This notebook demonstrates how to build, deploy and test three types of agents using [Reasoning Engine](https://cloud.google.com/vertex-ai/generative-ai/docs/reasoning-engine/overview) with self-deployed model in Vertex AI.

[Reasoning Engine](https://cloud.google.com/vertex-ai/generative-ai/docs/reasoning-engine/overview) (LangChain on Vertex AI) is a managed service in Vertex AI that helps you build and deploy model-based agents. It gives you the flexibility to choose how much reasoning you want to delegate to the LLM and how much you want to handle with custom code.

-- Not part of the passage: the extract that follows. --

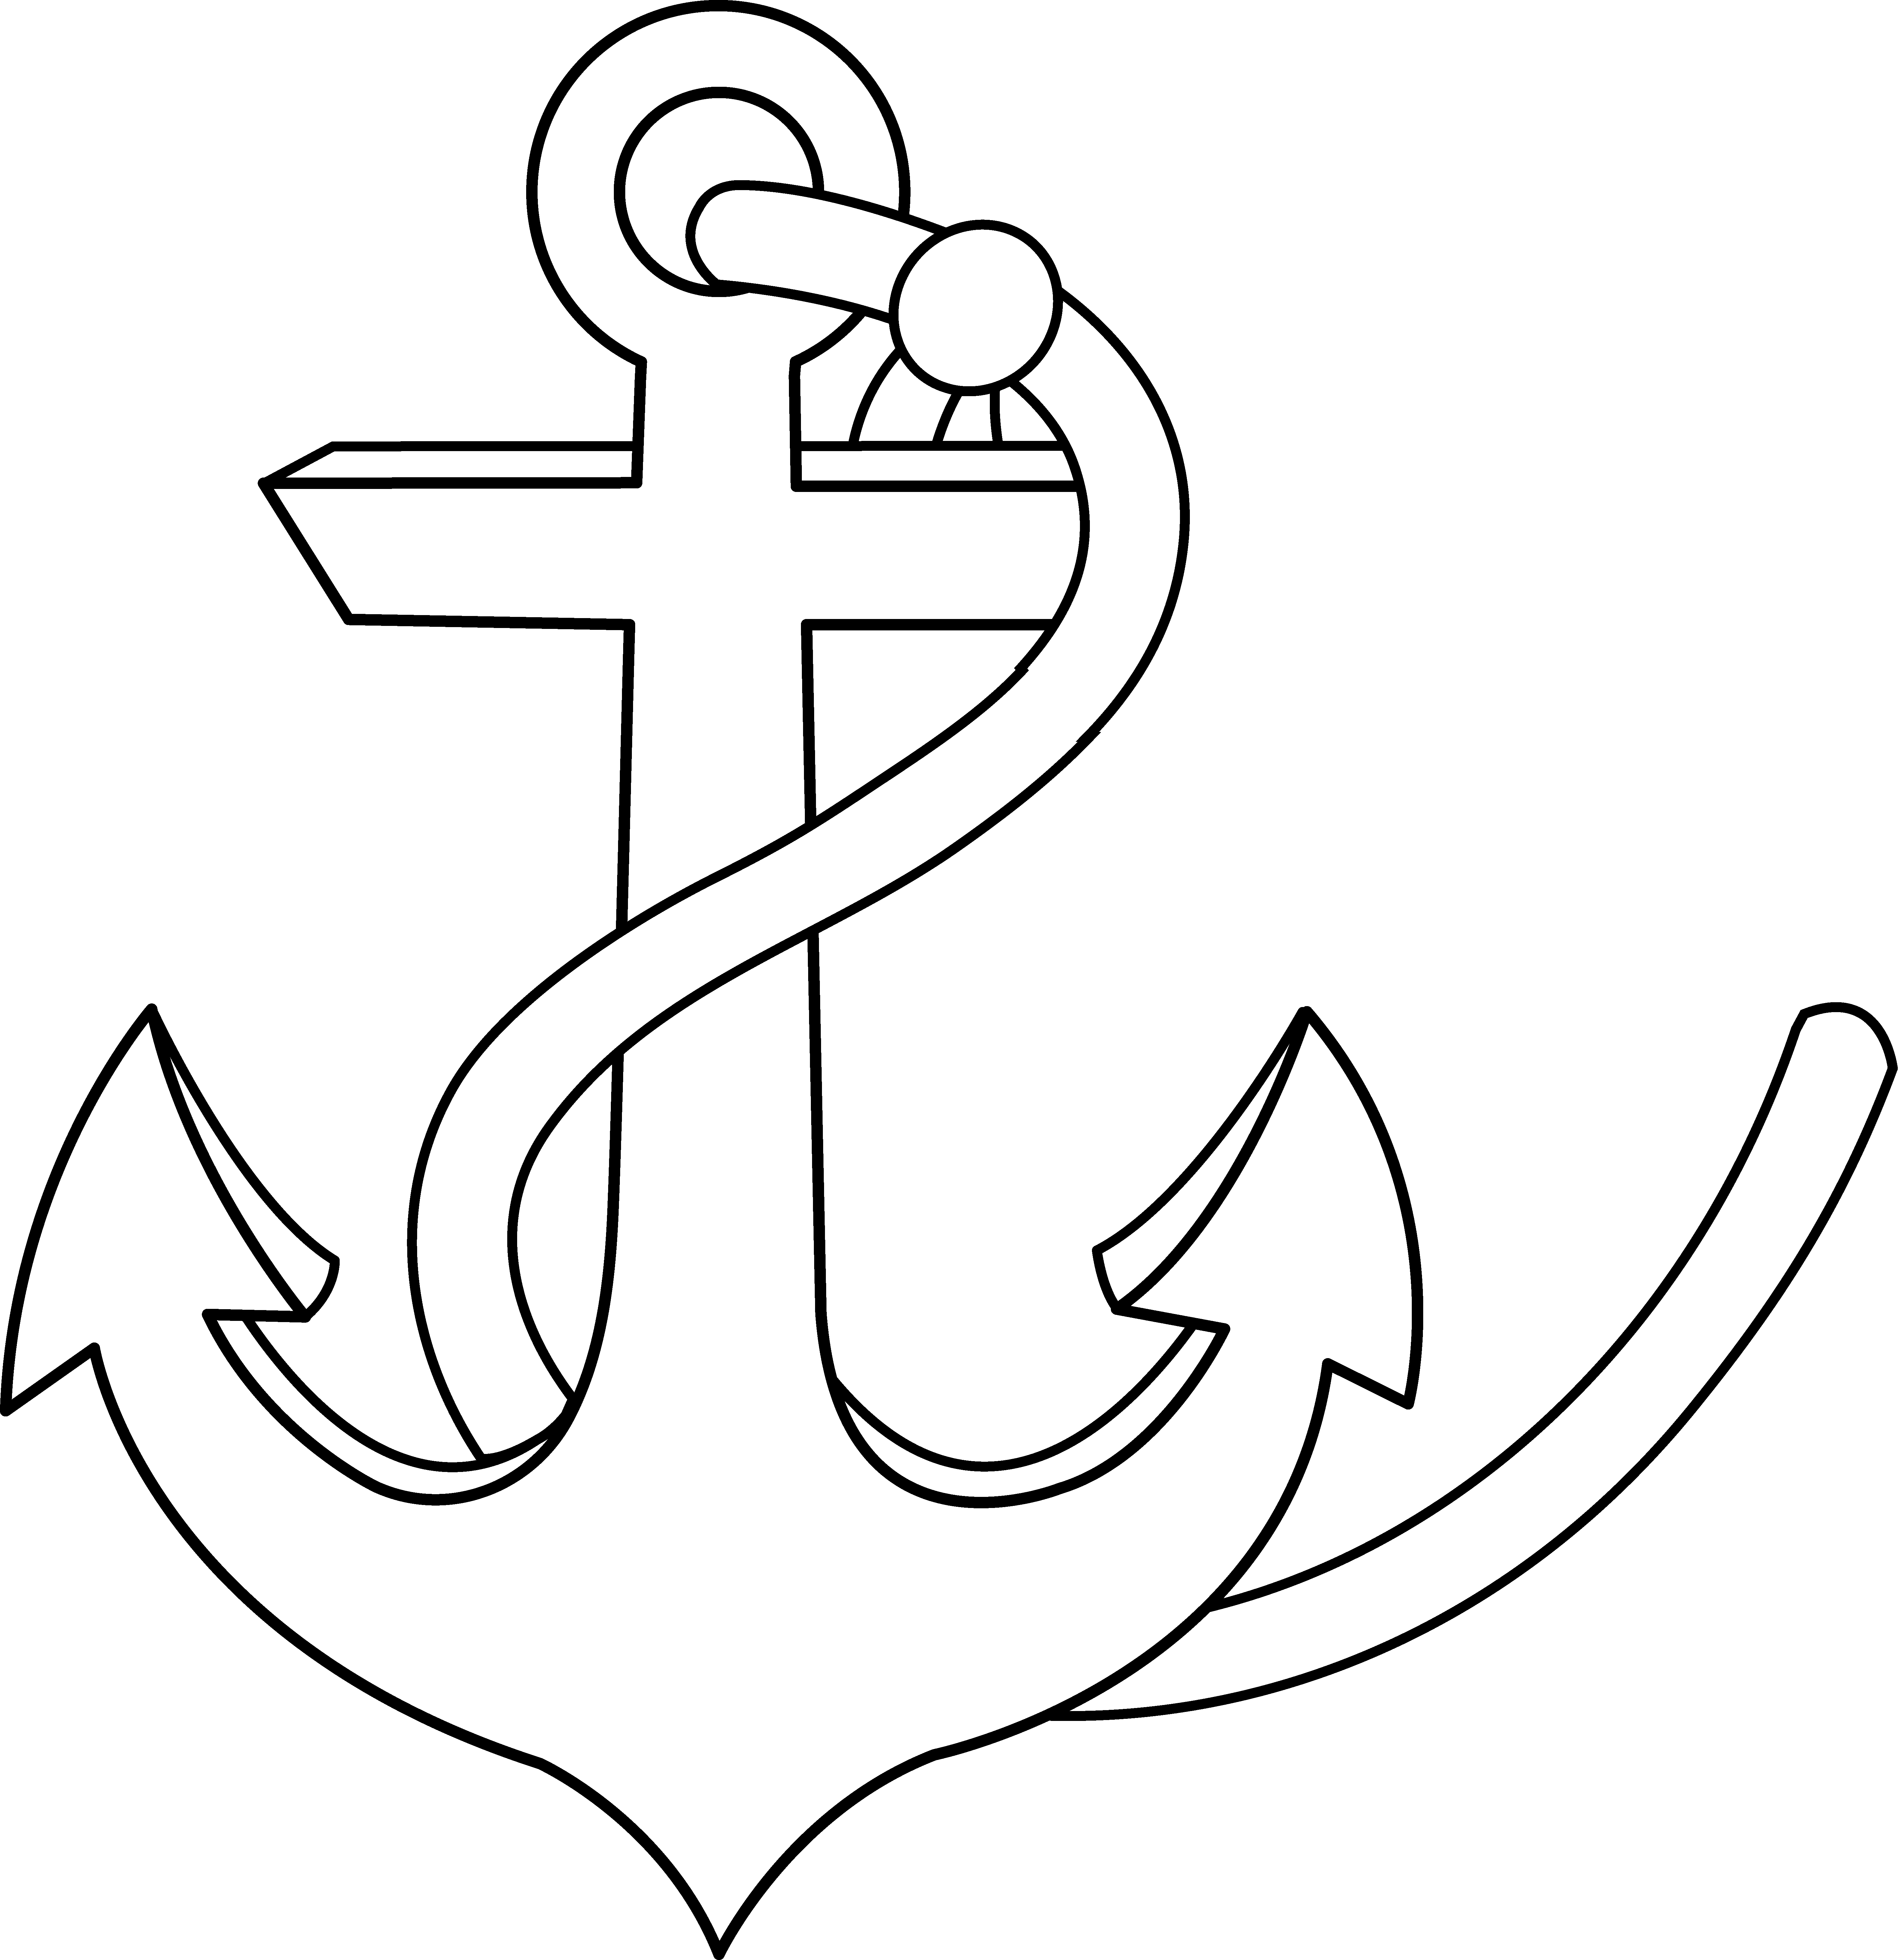 anchor black and white

A previous [notebook](https://github.com/GoogleCloudPlatform/vertex-ai-samples/blob/main/notebooks/community/model_garden/model_garden_openai_api_llama3_1.ipynb) demonstrates how to use Llama 3.1 models as Model-as-a-service (MaaS) to build `chatbot` and `translator` agents.


### Objective
    
- Integrate with Reasoning Engine: Use the Vertex AI SDK to build three simple agents with the deployed endpoint:
    - A Chatbot Agent
    - A Translator Agent
    - An Agent that uses [an Exchange Rate Tool](https://cloud.google.com/vertex-ai/generative-ai/docs/reasoning-engine/develop#define-function)
- Test your agent locally.
- Deploy and test your agent on the Reasoning Engine.


### Costs

This tutorial uses billable components of Google Cloud:

* Vertex AI
* Cloud Storage

Learn about [Vertex AI pricing](https://cloud.google.com/vertex-ai/pricing), [Cloud Storage pricing](https://cloud.google.com/storage/pricing), and use the [Pricing Calculator](https://cloud.google.com/products/calculator/) to generate a cost estimate based on your projected usage.

## Before you begin

In [None]:
# @title Setup Google Cloud project

# @markdown 1. [Make sure that billing is enabled for your project](https://cloud.google.com/billing/docs/how-to/modify-project).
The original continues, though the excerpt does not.